Paradigm Shift

Concurrency Structure

When using SPDL, it is important to understand the difference in how SPDL structure the concurrency, compared against common process-based data loaders.

In process-based data loading, each process runs the entire pipeline. The pipeline is implemented as DataSet.

flowchart subgraph P1[Process 3] direction TB S10[src] --> S11[Stage 1] --> S12[Stage 2] end subgraph P2[Process 2] direction TB S20[src] --> S21[Stage 1] --> S22[Stage 2] end subgraph P3[Process 1] direction TB S30[src] --> S31[Stage 1] --> S32[Stage 2] end

Whereas SPDL parallelizes the the pipeline stage-by-stage, using different concurrency.
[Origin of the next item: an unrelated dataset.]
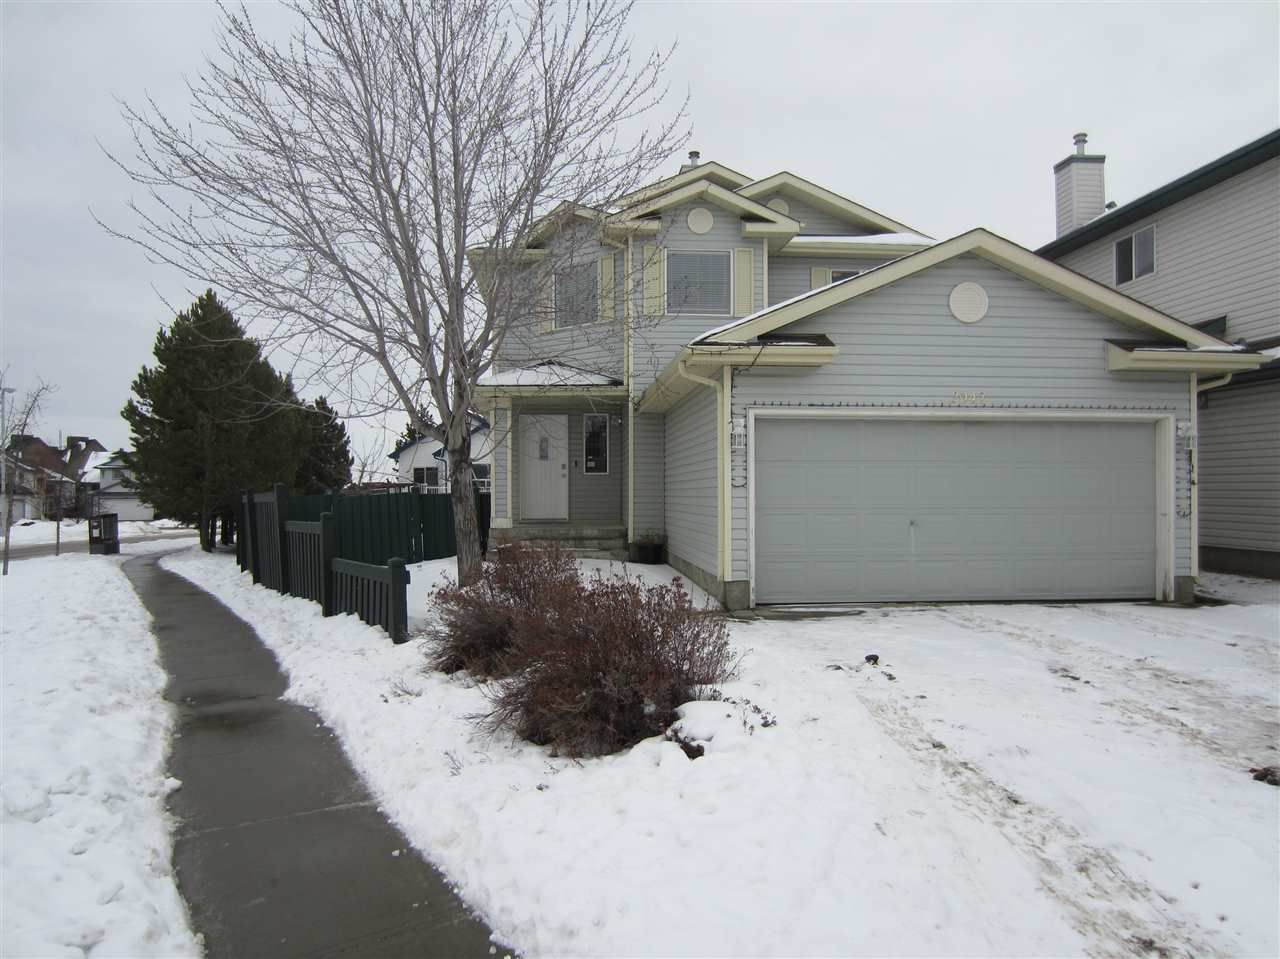 Main Photo: 2047 GARNETT Way in Edmonton: Zone 58 House for sale : MLS®# E4141886
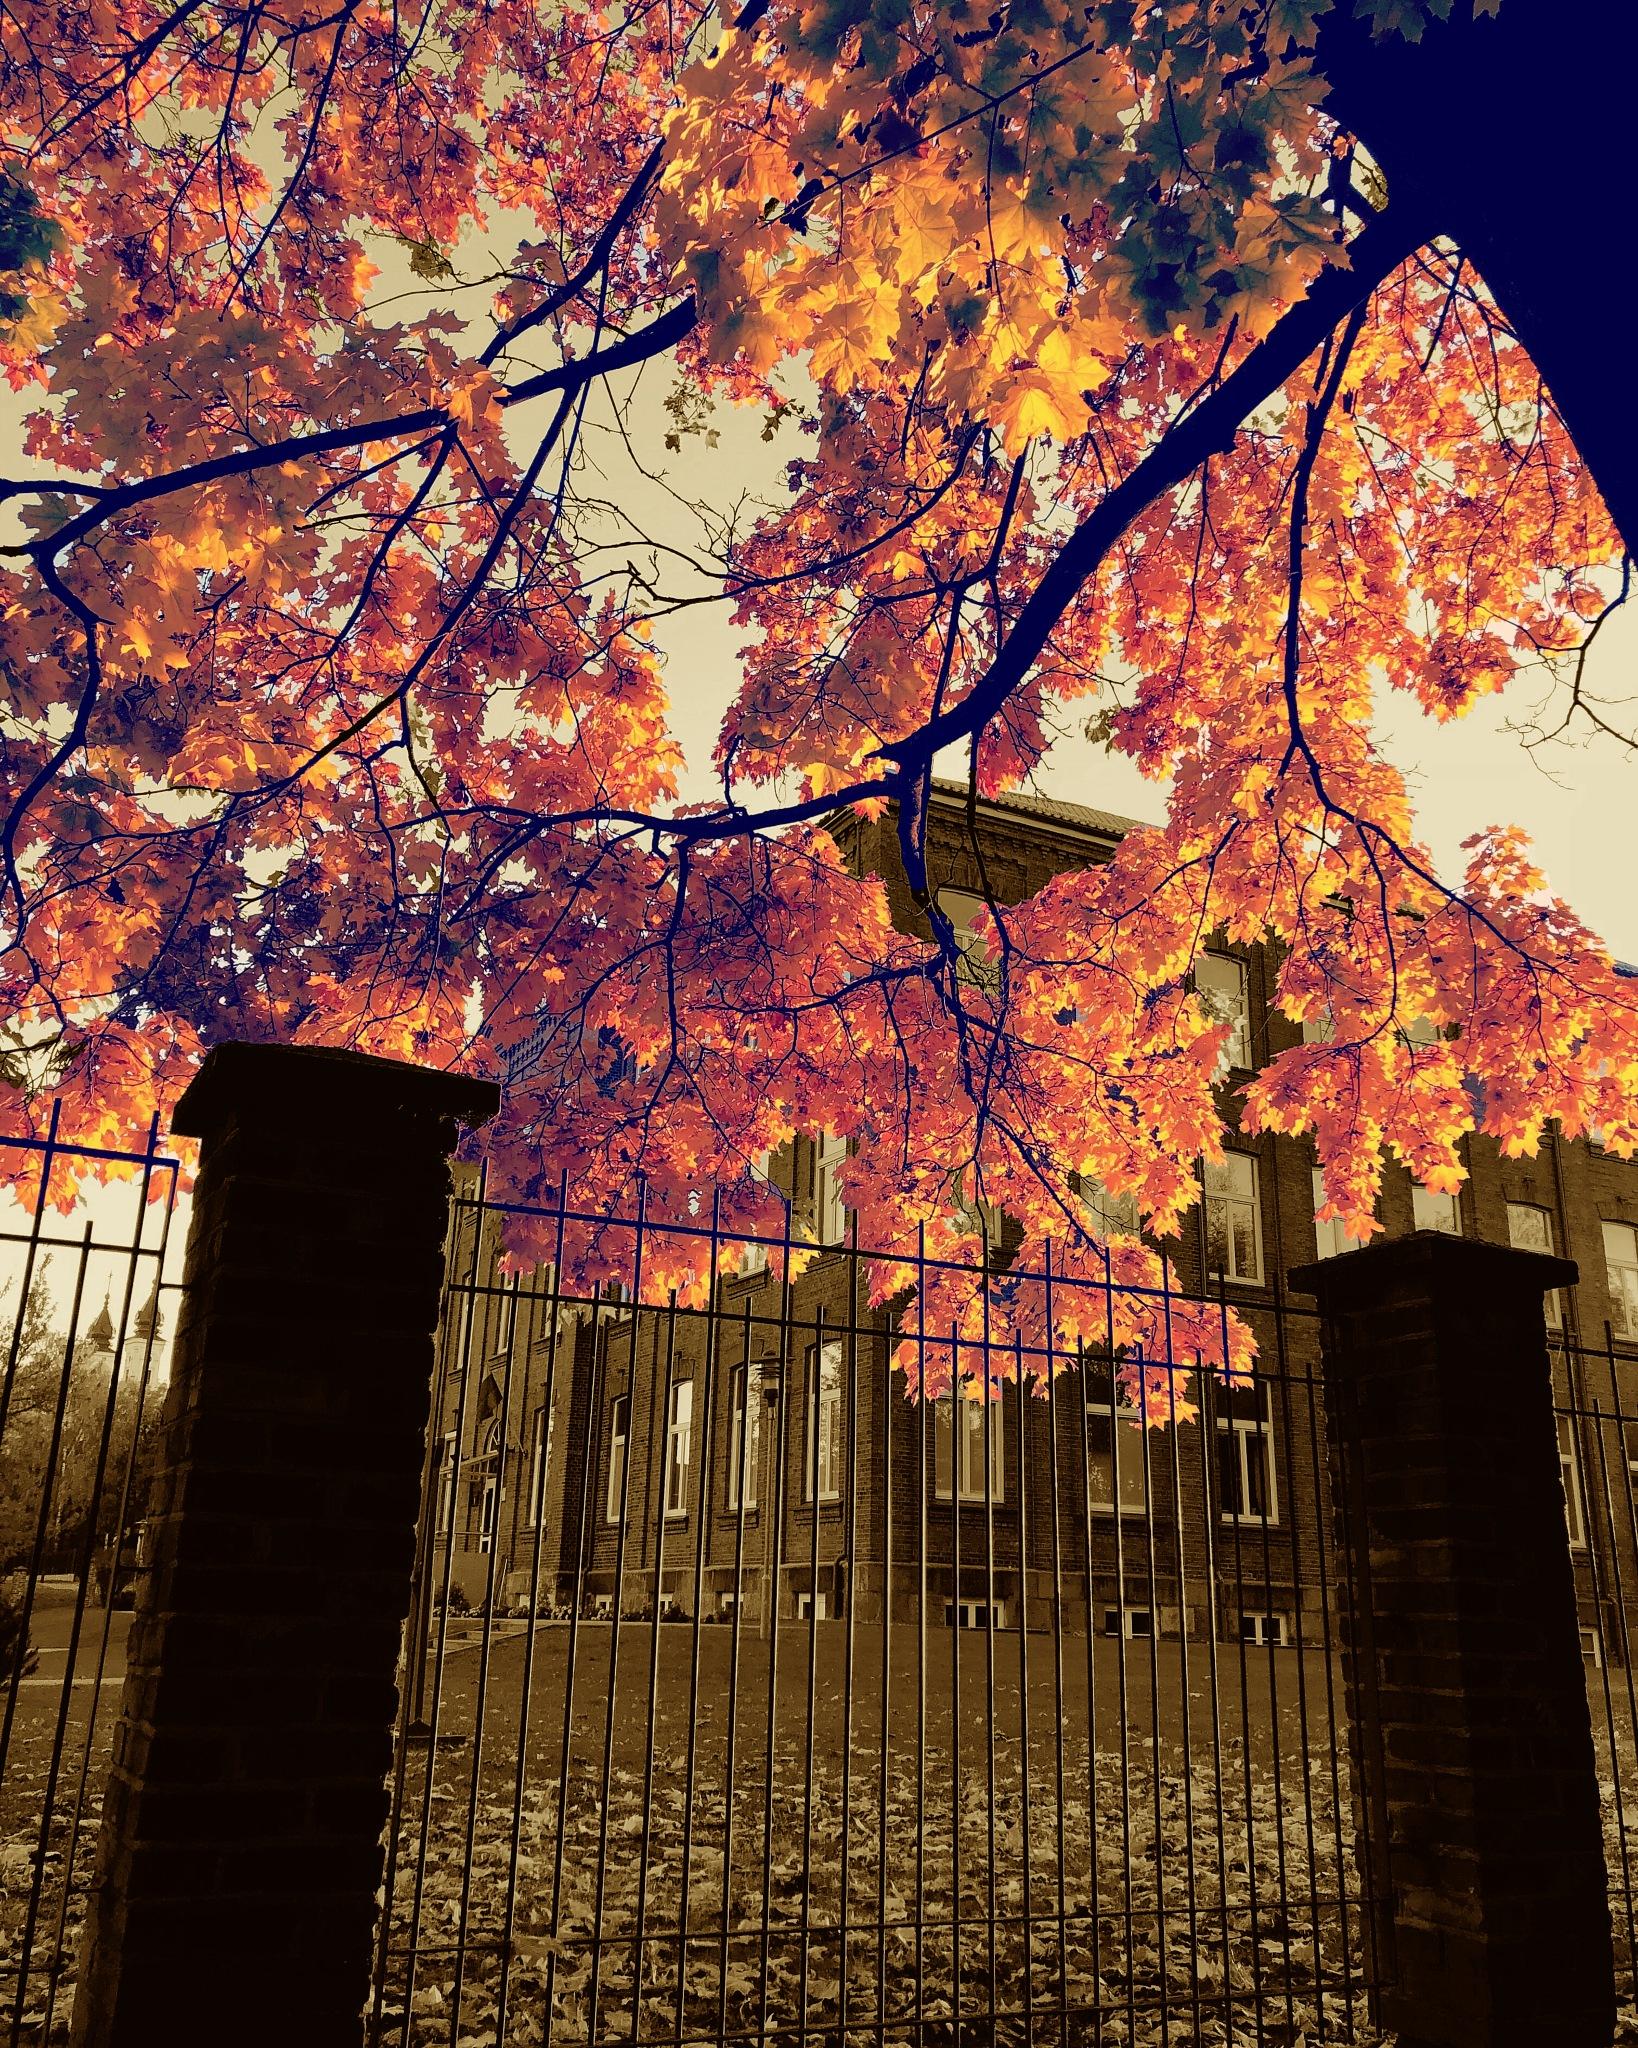 October by Edmundas Laukaitis

This approach is better fit for achieving higher throughput.

flowchart subgraph P1[Stage 1] direction TB T11[Task 1] T12[Task 2] T13[Task 3] end subgraph P2[Stage 2] direction TB T21[Task 1] T22[Task 2] end subgraph P3[Stage 3] direction TB T31[Task 1] end src --> P1 --> P2 --> P3

It is worth noting that in this setup, there is no equivalent of Dataset class.

This paradigm shift makes it difficult to achieve mechanical update (such as one-line-change or swap-the-class type of update) to SPDL.